Além disso, onde há menos casos registrados, como no sul do Brasil e em outros países latino-americanos, são mais sérios os danos nos afetados, devido ao diagnóstico tardio, quando os efeitos já estão instalados, como perda de nervos periféricos, dedos ou membros inteiros.
A hanseníase, presente na humanidade desde tempos imemoriais, é uma doença infecciosa e crônica, causada pelo bacilo Mycobacterium leprae, como definido pela OMS, que afeta principalmente a pele, os nervos periféricos, a mucosa das vias aéreas superiores, os olhos e outras estruturas.
Norah Salcedo, da cidade de Santa Cruz de la Sierra, na Bolívia, é uma das pessoas que sofreram danos irreversíveis nos membros e precisa de muletas. “Não há tratamento adequado no meu país, os pacientes continuam a perecer sem assistência”, queixou-se à IPS.

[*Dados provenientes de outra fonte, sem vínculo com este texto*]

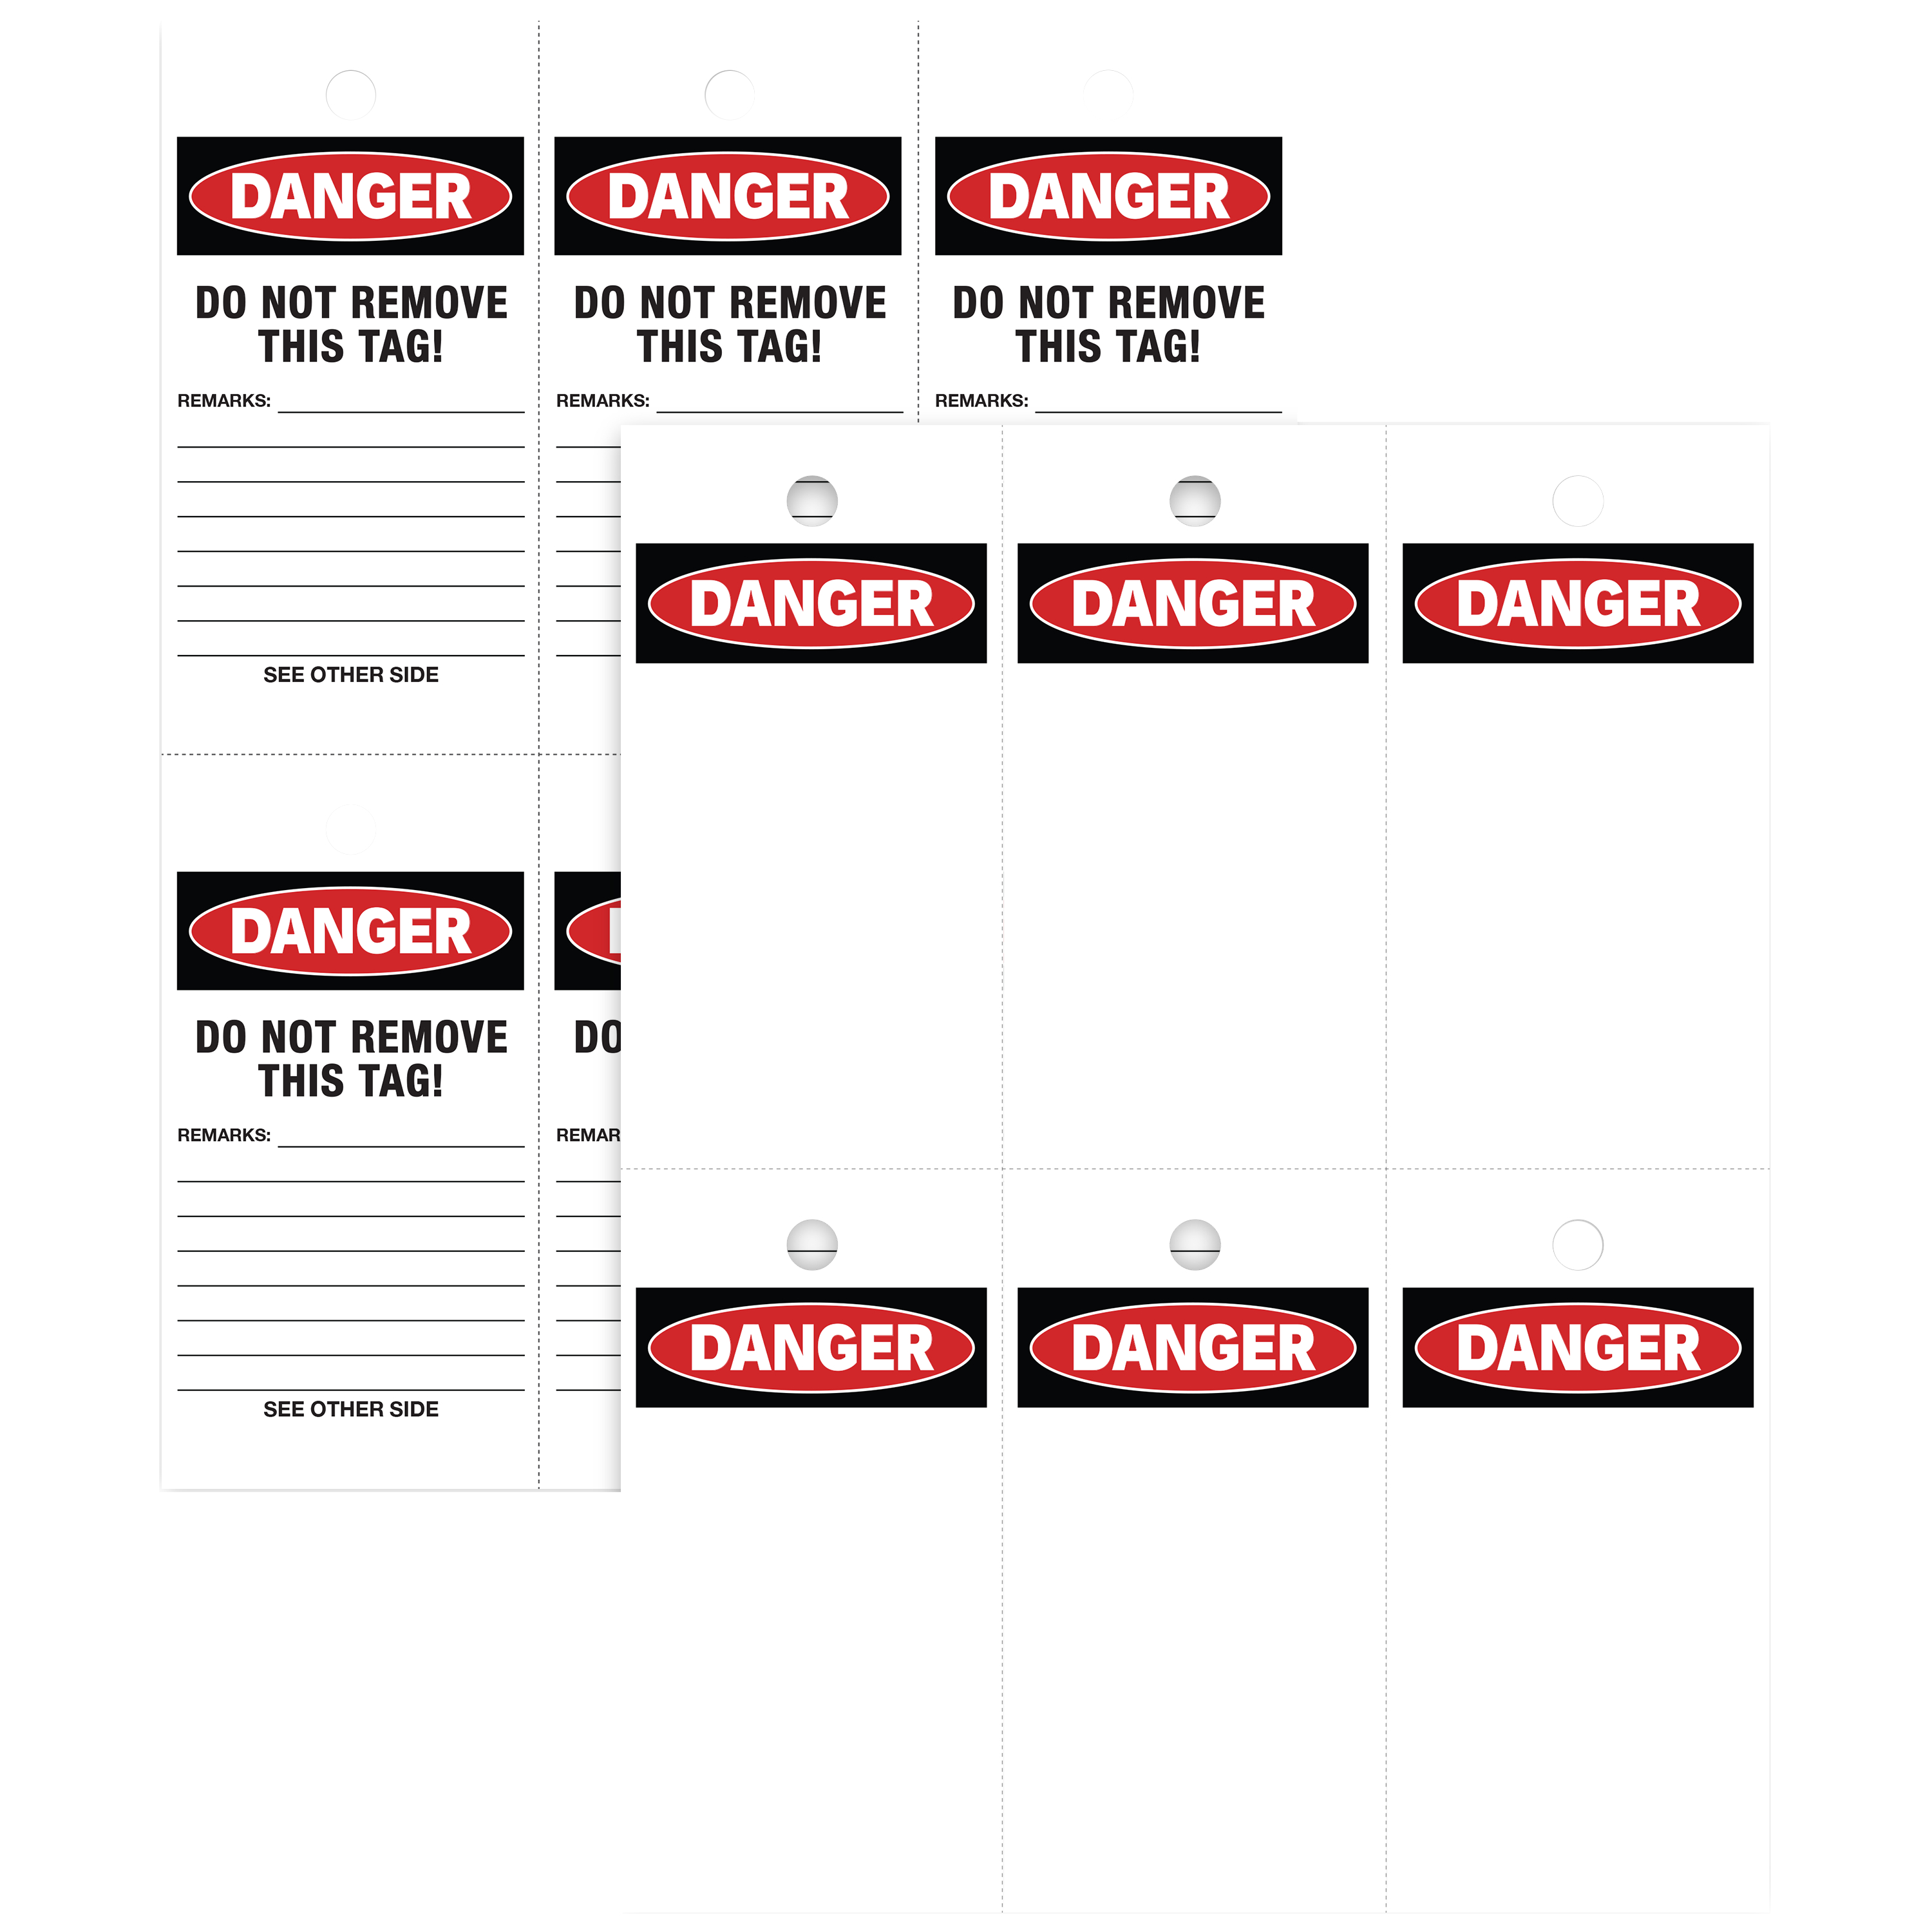 An image showing an example of Avery 62401 printable safety tags how the arrive out of the package before printing. The image illustrates that there is a preprinted OSHA "Danger" header on both sides, and additional preprinted information on one side only.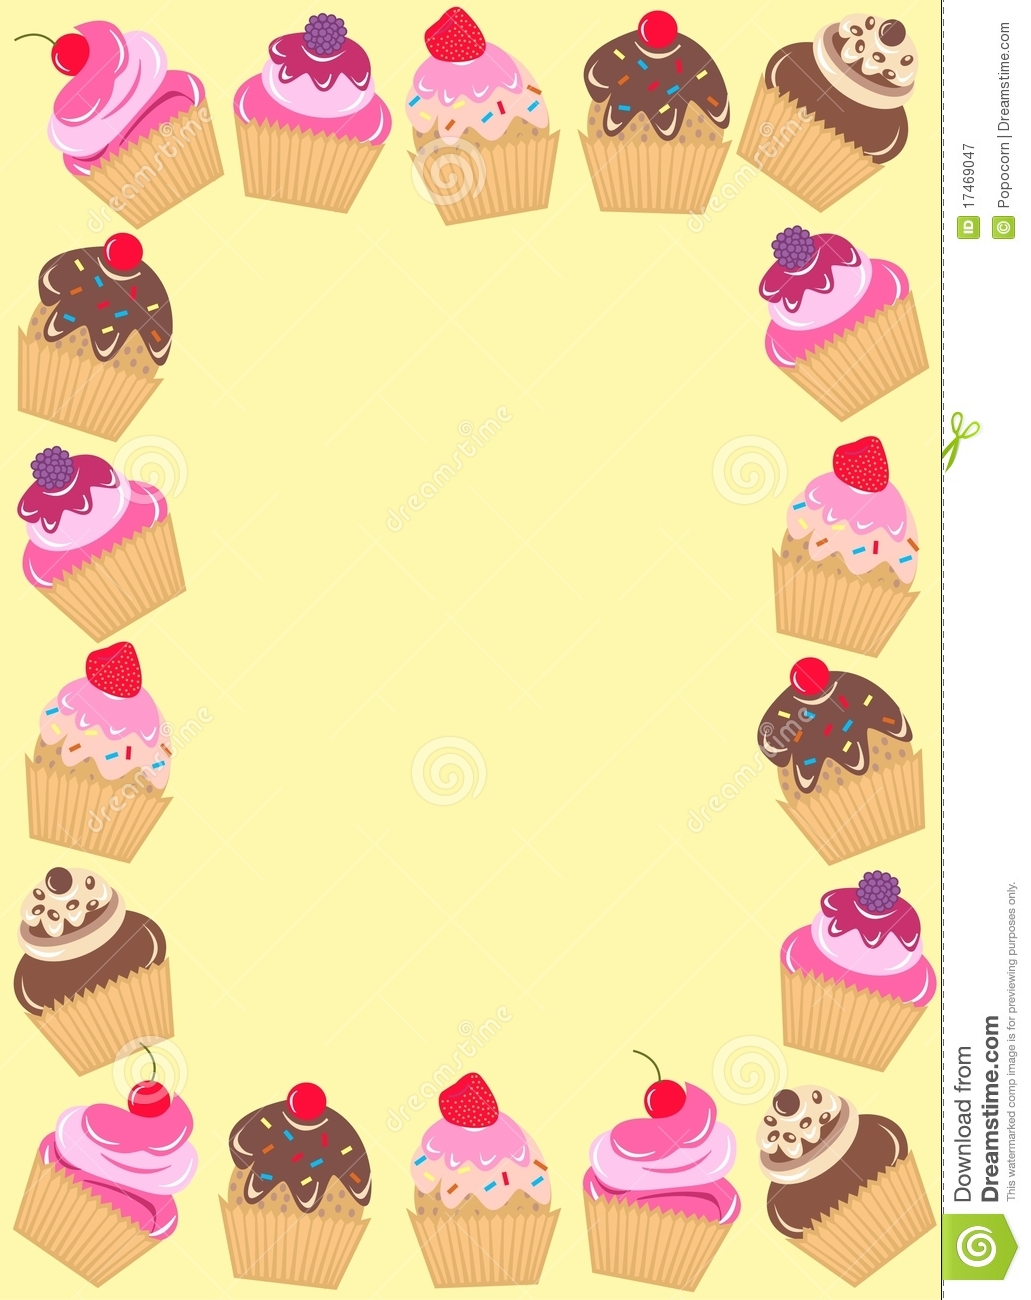 Cupcakes Clipart Border A Frame Of Cupcakes On Yellow

A Bolívia é um país que “eliminou” a hanseníase, de acordo com dados oficiais. A ignorância sobre a doença é grande, reconheceu Salcedo, assim como a peruana Silvia Uieacu.
Sete países latino-americanos estão representados nesta primeira reunião regional dos afetados, que reúne autoridades de saúde e representantes de organizações internacionais, como a Organização Pan-Americana de Saúde, e instituições japonesas, especialmente a Fundação Nippon, além de especialistas da Alemanha e Estados Unidos.
O Brasil também atrai a atenção internacional por conta da compensação para as vítimas do sistema de segregação nos chamados leprosários, onde os doentes eram isolados. Essa prática foi mantida por lei no país até 1986, embora já se soubesse sobre a possibilidade de cura desde 1941 e que o tratamento interrompe a infecção.
Desde 2007, o Estado brasileiro compensa as pessoas isoladas, mas agora a organização Morhan procura estender a reparação aos filhos que foram separadas de seus pais. Estima-se que cerca de 16 mil crianças sofreram essa separação forçada.
São políticas que interessam aos movimentos semelhantes em outros países da América Latina, explicaram os participantes durante os debates do primeiro dia.
Muitas pessoas segregadas nesses “leprosários” continuaram a viver neles depois da desativação, porque eles não têm chance de voltar para suas comunidades de origem ou de reconstruir suas vidas, destacaram os ativistas.